We use Keras with the TensorFlow backend to implement our proposed network. The 2D CompNet for the liver segmentation is trained for 40 epochs using the Adam optimizer with a learning rate of 5e-5. Next, we train the 2D and 3D CompNets for the large and small lesion segmentation in the same manner, i.e., we first train the networks using the Adam optimizer with a learning rate of 5e-5, the same as that used in[chlebus2018automatic], and having an early stopping scheme with the tolerance being set to 5; then we train the networks with a learning rate of 1e-6 using an early stopping with a tolerance of 10 trials. Both steps have 150 maximum number of epochs for training. In addition, we use an L2 regularization with a parameter of 2e-4 and a dropout with a rate of 0.3 after all pooling and upsampling layers to mitigate overfitting.
Experimental Results. Since we do not have the ground truth for the LiTS test set, we first perform the two-fold cross-validation on the training set to quantitatively and qualitatively evaluate the performance of our proposed method. We obtain Dice per case and some visual samples are presented in Fig. 6.
By evaluating on the test set of the LiTS challenge, we list in Table 1 our result with comparison to those of the currently published approaches. According to the Dice score per case, the most important metric for measuring an algorithm’s performance on the LiTS challenge, our approach is at the second rank, following after the H-Dense U-Net [li2018h], which however needs pre-training. In addition, our small lesion segmentation could be an add-on component to their method for a further improvement in segmenting small tumors as mentioned in their future work. Our experiment shows that the dice per case can be improved from 0.61 to 0.681 with the consideration of the small lesion segmentation. Worth to mention that, among the methods without pre-training and post-processing, our method has the best performance in terms of the dice per case score. Figure 7 reports some visual results of our predictions on the LiTS test set.
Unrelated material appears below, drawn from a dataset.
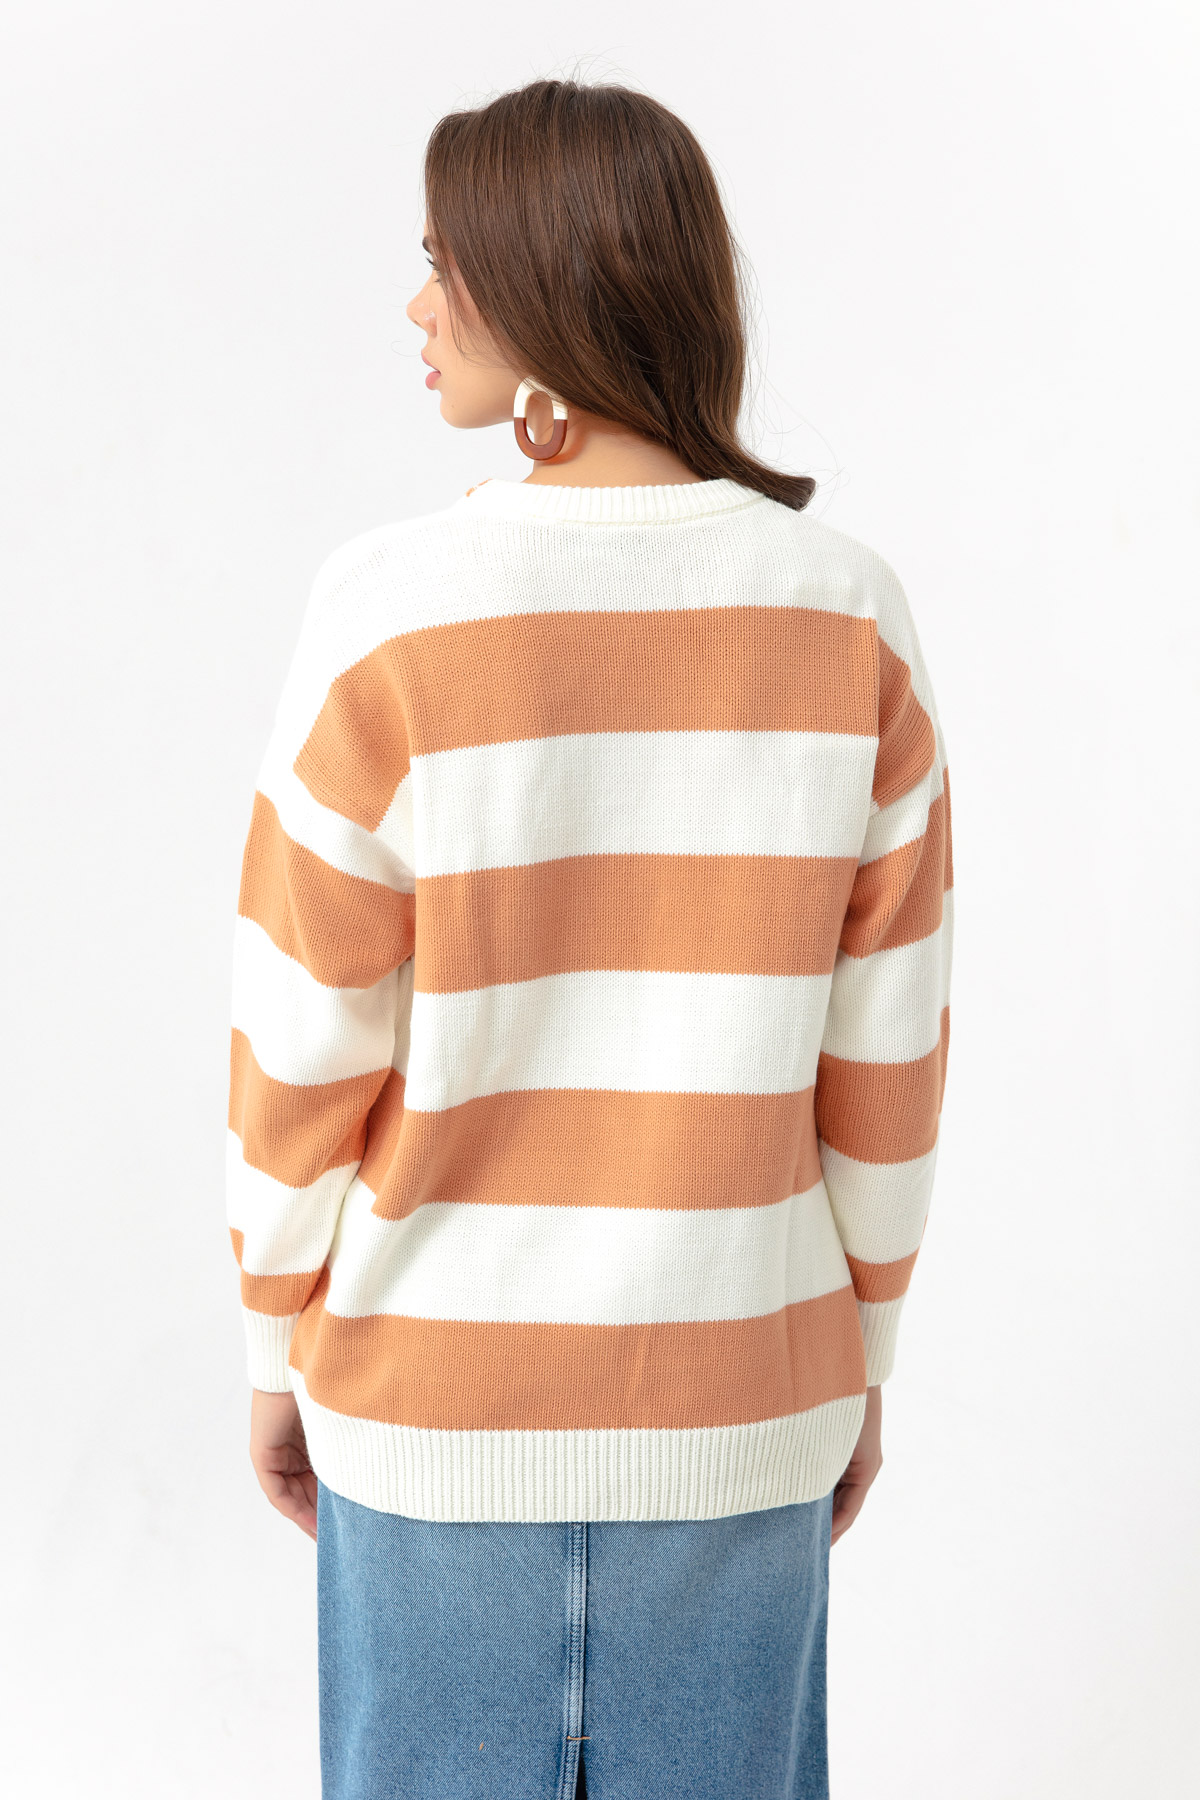 Women's Powder Striped Knitwear Sweater

Observations on LiTS Annotations. As shown in Fig. 6, the LiTS annotations have both over-segmentation and under-segmentation issues. For the large lesions in both cases shown in Fig. 6, our predictions better fit lesions compared to the ground truth; while for the small lesions, our predictions locate more lesions potentially missing in the ground truth. Similar observations have been reported in [chlebus2018automatic]
. Due to the imperfect ground truth provided by the LiTS challenge, we argue that the metrics computed against the ground truth probably could not be the only way to compare the segmentation results. Visual results could be considered as well and ours indicate the efficiency of our method.
|Method||Dice Per Case||Dice Overall||
|H-Dense U-Net [li2018h]||0.722||0.824||✓|
|Multiple U-Nets [chlebus2018automatic]||0.680||0.796||✓|
|2.5 D U-Net [han2017automatic]||0.670||—||✓|
|RA U-Net [jin2018ra]||0.595||0.795||✓||✓|
|Ours (w/o small lesion)||0.681 (0.610)||0.813 (0.776)||✓||✓|
4 Discussion and Conclusion
In this paper we proposed a hybrid 2D and 3D neural network for segmenting the liver lesions. Especially, we designed a dedicated 3D segmentation network for the small lesions in the liver. This 3D segmentation network could be an add on to a network that suffers from segmenting small objects. Moreover, we observed the imperfect annotations provided by the LiTS data set, which hinders the further improvement of a network’s learning performance and makes the evaluation results questionable for comparison. How to handle and fully leverage such imperfect labels will be our future work. We also plan to extend our framework to other medical applications with the lesion/tumor or small object segmentation.